Content starts

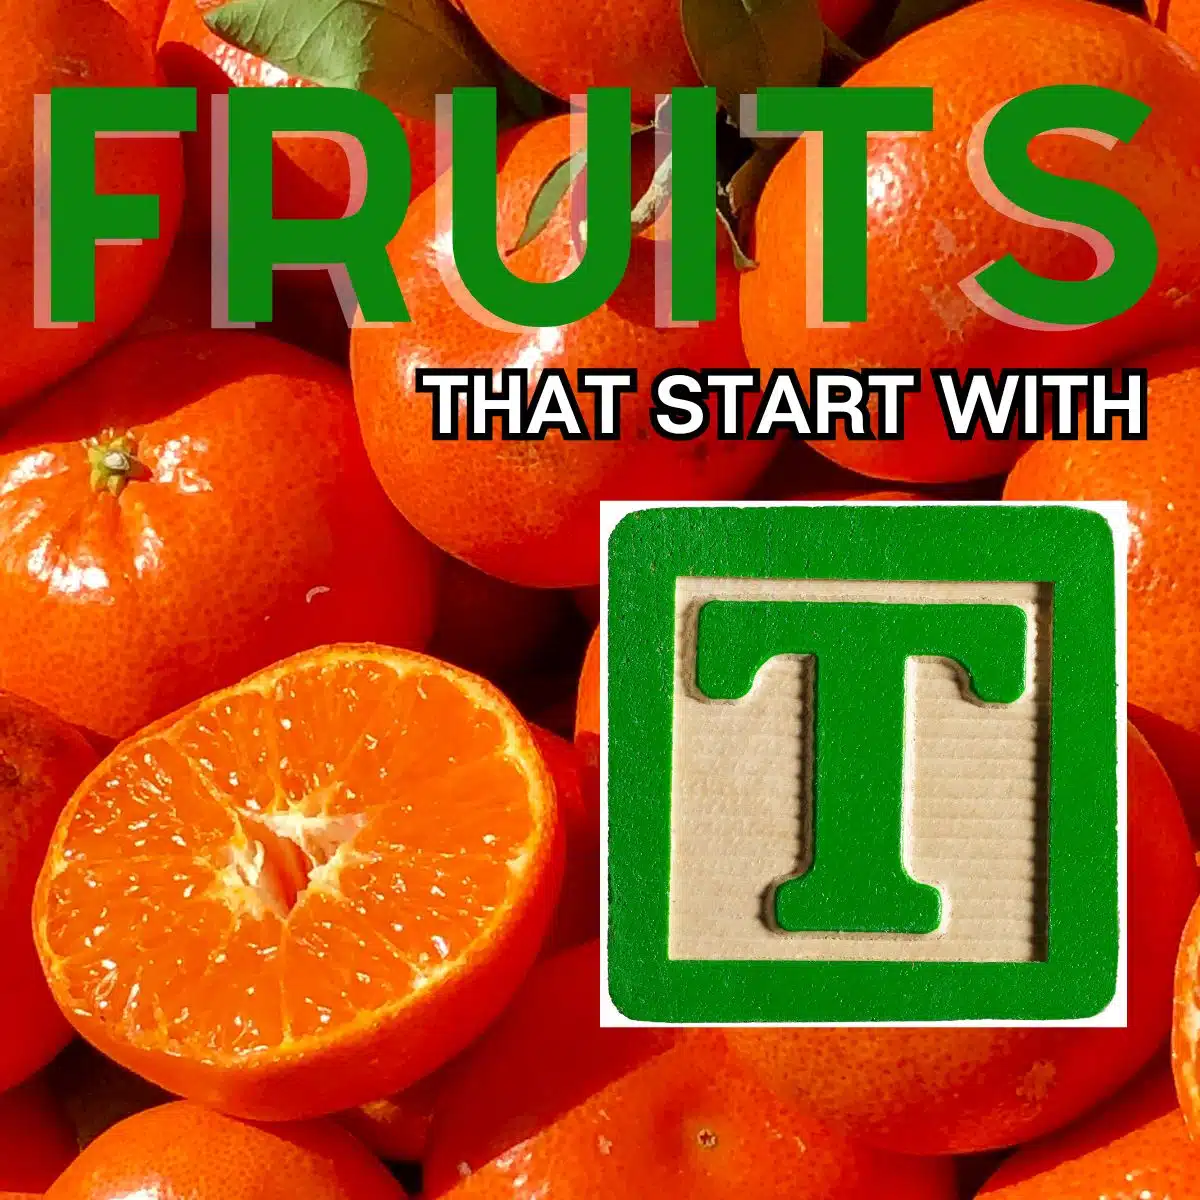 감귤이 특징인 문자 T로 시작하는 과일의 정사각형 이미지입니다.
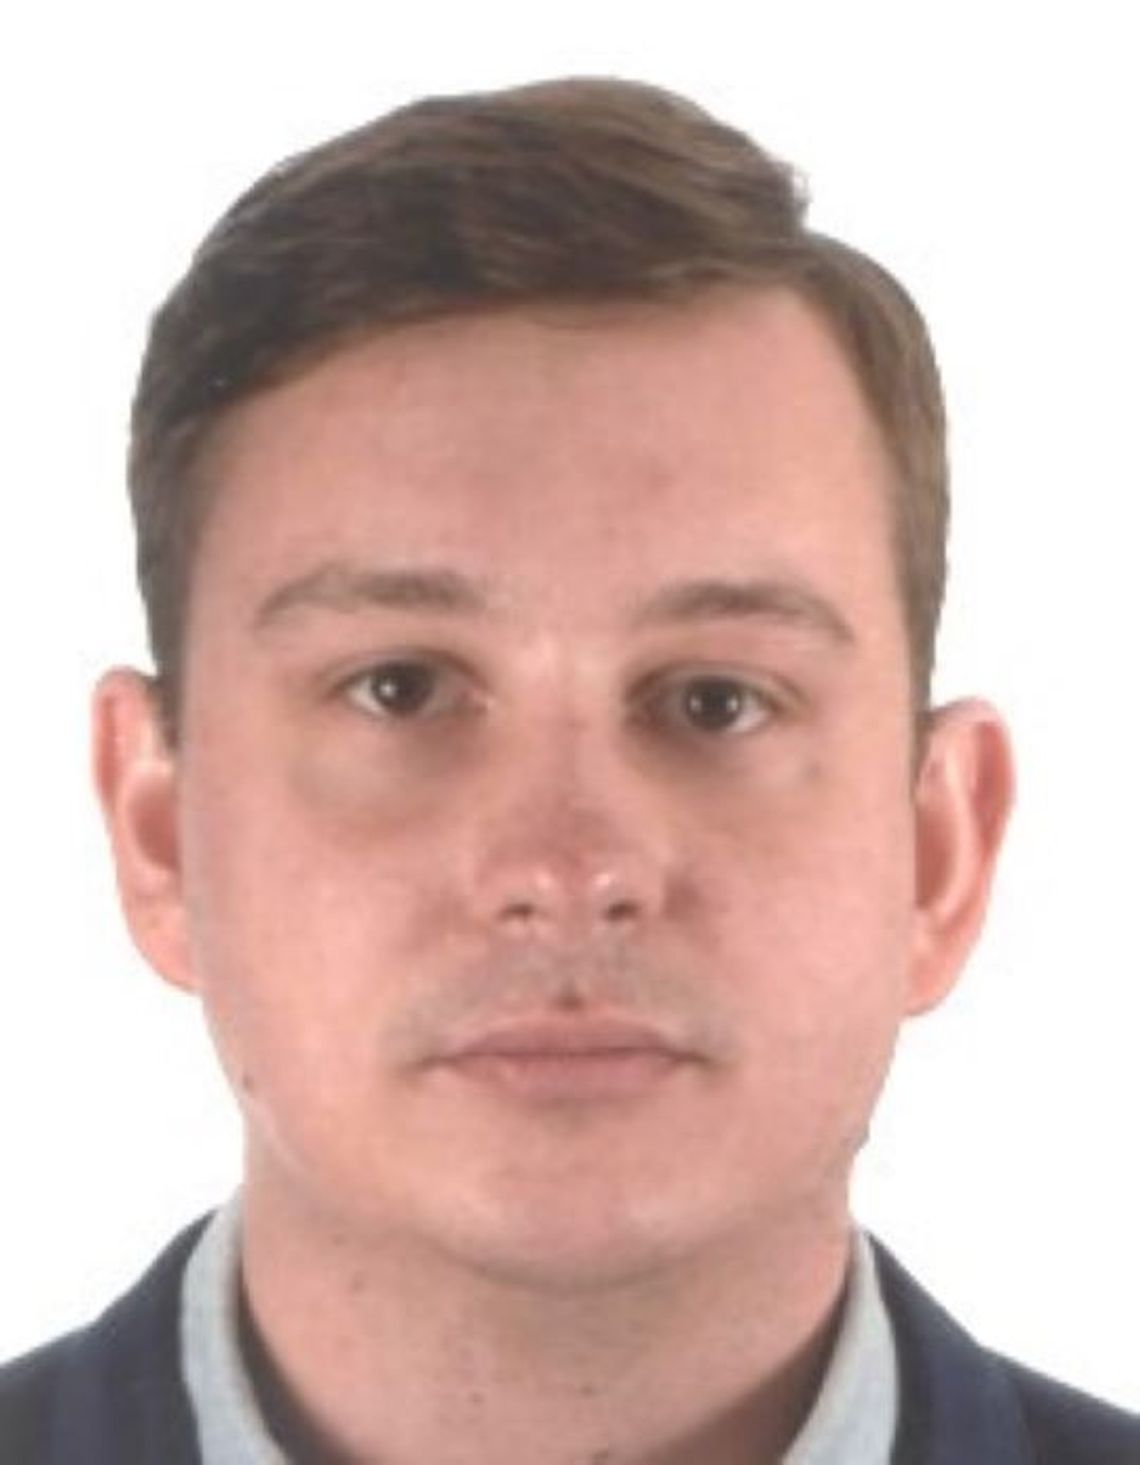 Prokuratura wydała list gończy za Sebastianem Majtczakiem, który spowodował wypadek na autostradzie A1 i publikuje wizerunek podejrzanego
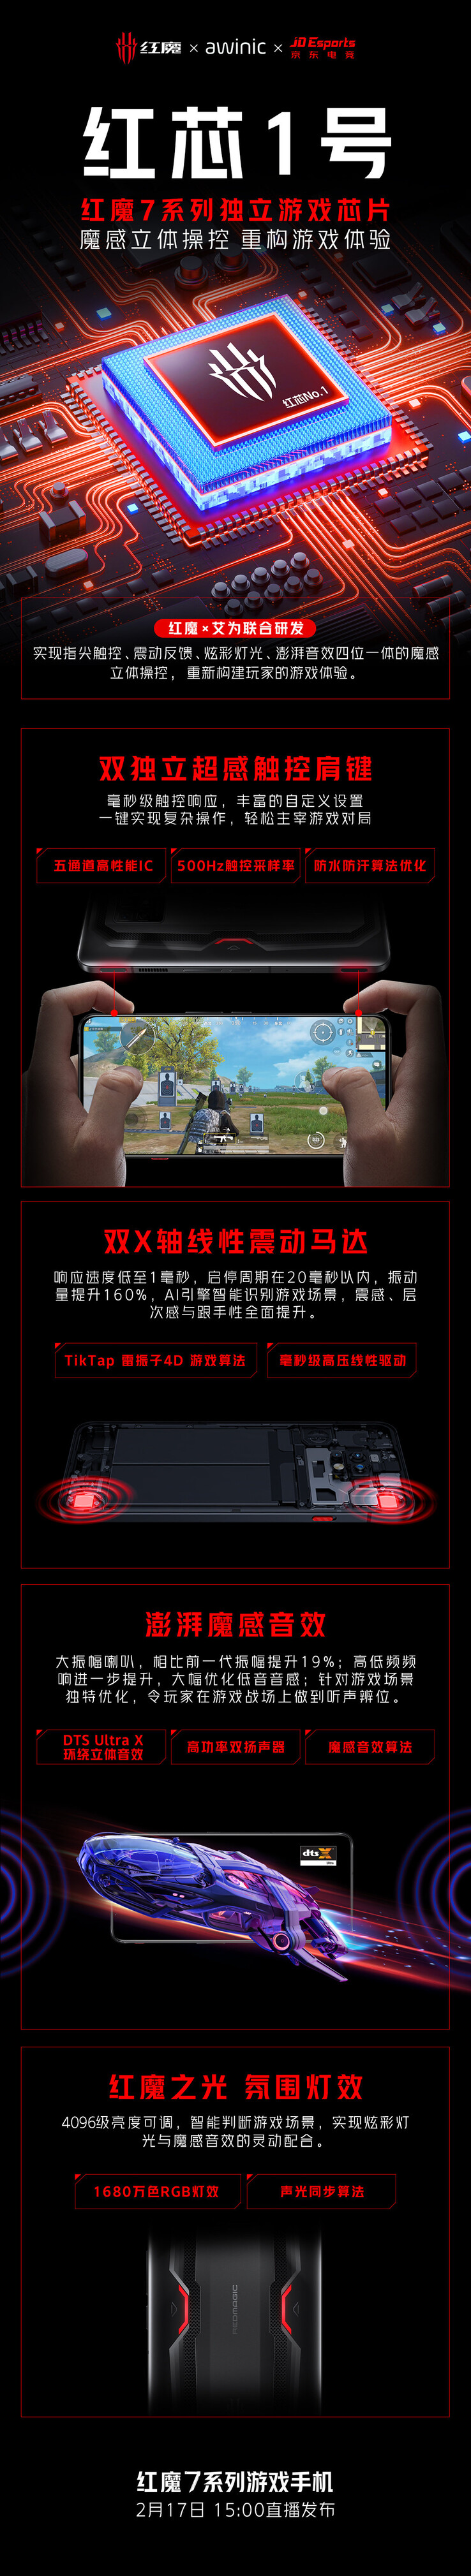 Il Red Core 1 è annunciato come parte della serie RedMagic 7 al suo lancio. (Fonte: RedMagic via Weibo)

Content ends

Problem description: Would you retype the material exactly, omitting each picture?

Written solution:
 감귤이 특징인 문자 T로 시작하는 과일의 정사각형 이미지입니다.
 Prokuratura wydała list gończy za Sebastianem Majtczakiem, który spowodował wypadek na autostradzie A1 i publikuje wizerunek podejrzanego
 Il Red Core 1 è annunciato come parte della serie RedMagic 7 al suo lancio. (Fonte: RedMagic via Weibo)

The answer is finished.